Dry-cleaner Elmer borrows his customers' suits to be in the front-row every night to see the actress Trilby Drew, who he adores but she loves her leading man.

 
 
But when he rejects her, Trilby proposes to Elmer to spite the actor.
 
 
After a disasterous wedding night, her manager insists she leave Elmer - but you never know when you will need a hero...
 
 
Shelf or charity shop? A keeper for Buster even if the film is not worthy of his talents.  The last third of the film where Elmer and Trilby are trapped on a yacht over-run with smugglers harks back to his 1924 classic THE NAVIGATOR but runs out of steam.  Compensations are Buster's sweet performance, his excellent leading lady Dorothy Sebastian (they had a brief affair off-screen) and wonderful set-pieces that hint at possibilities not pursued: Elmer wrecking the play that Trilby stars in after replacing a supporting actor and, the high-point of the film, Elmer attempting to put a drunken Trilby to bed on their wedding night. 


Monday, August 24, 2020

DVD/150: MURDER ON THE ORIENT EXPRESS (Sidney Lumet, 1974)

The first of four EMI Agatha Christie starry adaptations of the 70s and 80s always brings back the thrill of seeing it on the big screen when first released.

 
Christie's 1934 classic has Hercule Poirot solving the brutal stabbing of a shady businessman on a snowbound train with the usual cross-section of probable and improbable suspects.


Sidney Lumet was always a fine director of actors and here he orchestrates his cast into a wonderful ensemble.


It is almost an anti-thriller: after the murder, there is no feeling of threat to the other characters, just the pleasure of watching Albert Finney's dazzling Poirot question the other passengers one-by-one.


Lumet offered Ingrid Bergman the role of Princess Dragomiroff - after Dietrich said no - but she chose instead the smaller role of the missionary.  He filmed her 5 minute scene in one take - and she won an Oscar for it!


Shelf or charity shop?

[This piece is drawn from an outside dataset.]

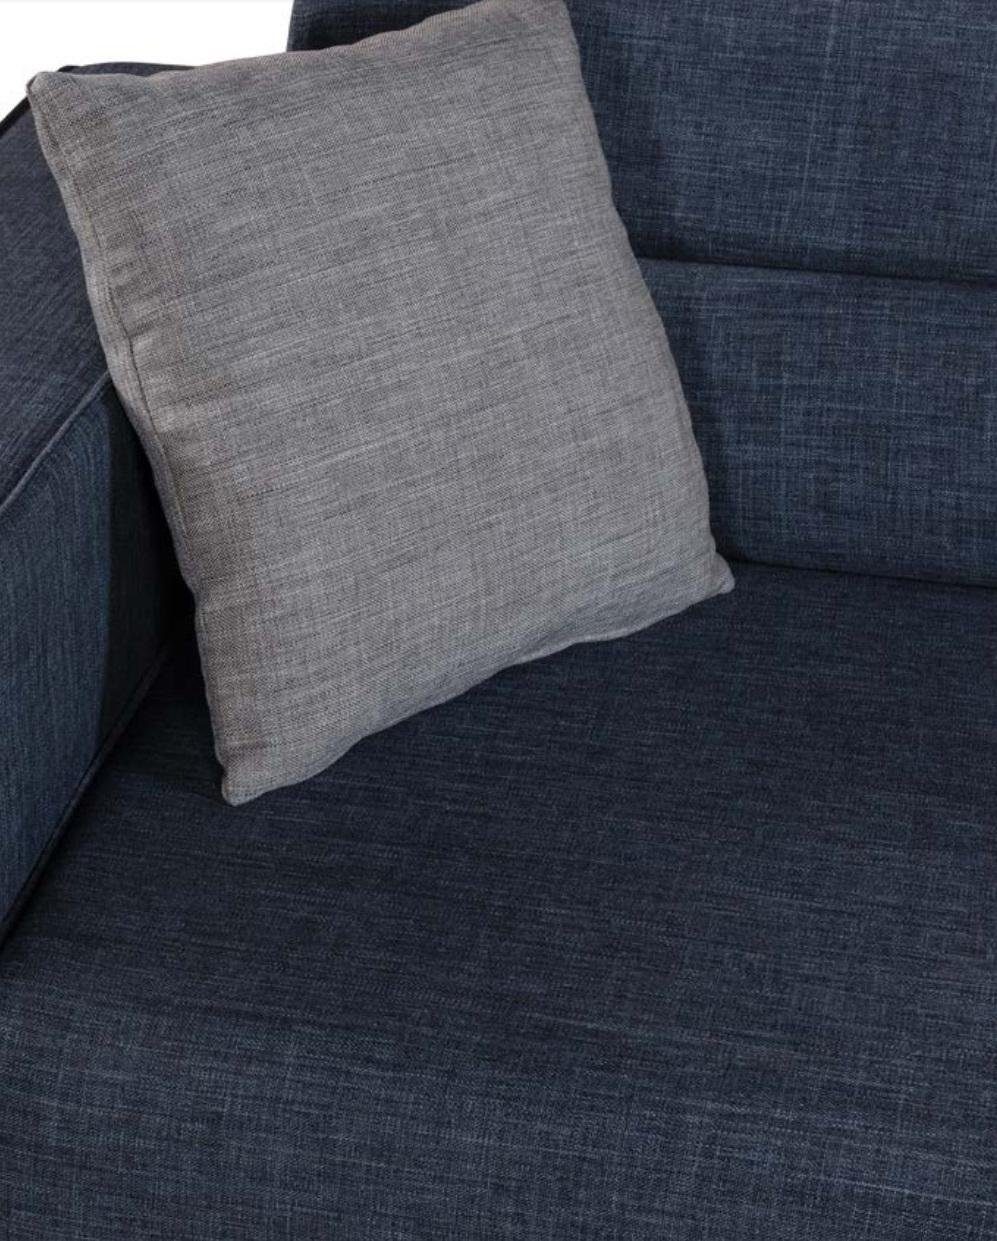 Möbel Stil Sitzer Dreisitzer Design 3 Italienische JVmoebel Luxus Sofa Sofa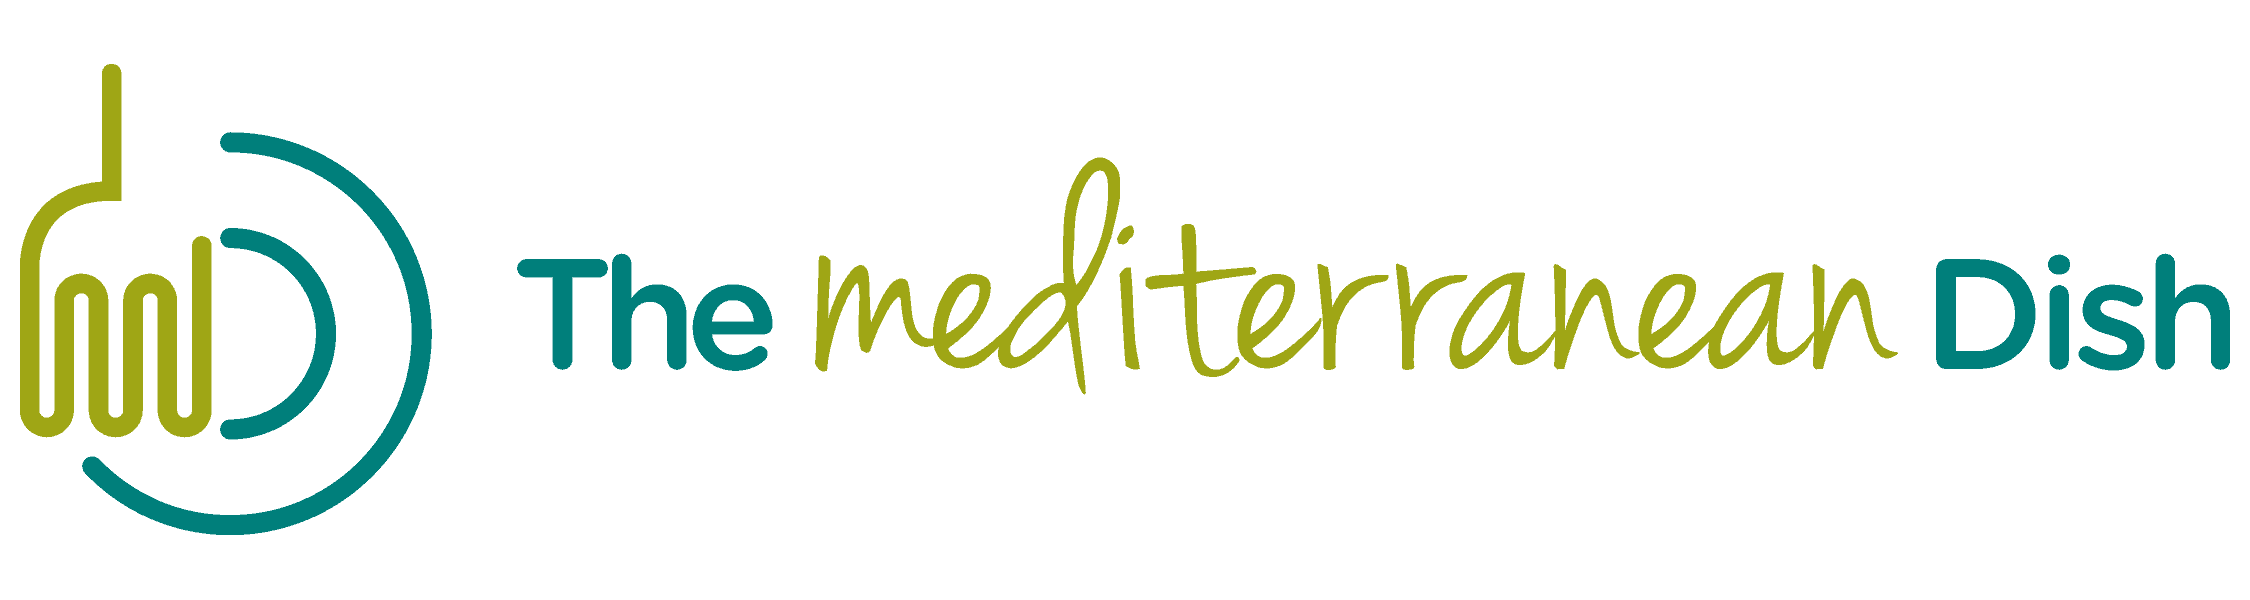 Mediterranean Recipes & Lifestyle logo

Total shelf for Lumet's direction, Geoffrey Unsworth's cinematography, Tony Walton's production design and costumes, Richard Rodney Bennett's score and of course that cast!  Pauline Kael, in her New Yorker review, called it a film full of 'turns' which is, of course, the pleasure of watching it.  Personal favourites are Bergman, Finney, John Gielgud's disdainful manservant, and Vanessa Redgrave who has never seemed so relaxed and playful.  Sadly, it would be a lonely cast reunion with only four of the seventeen main cast members still alive at time of writing.  A special mention too for the unnerving montage intro that lingers in the mind as the film progresses and the blue-lit murder scene.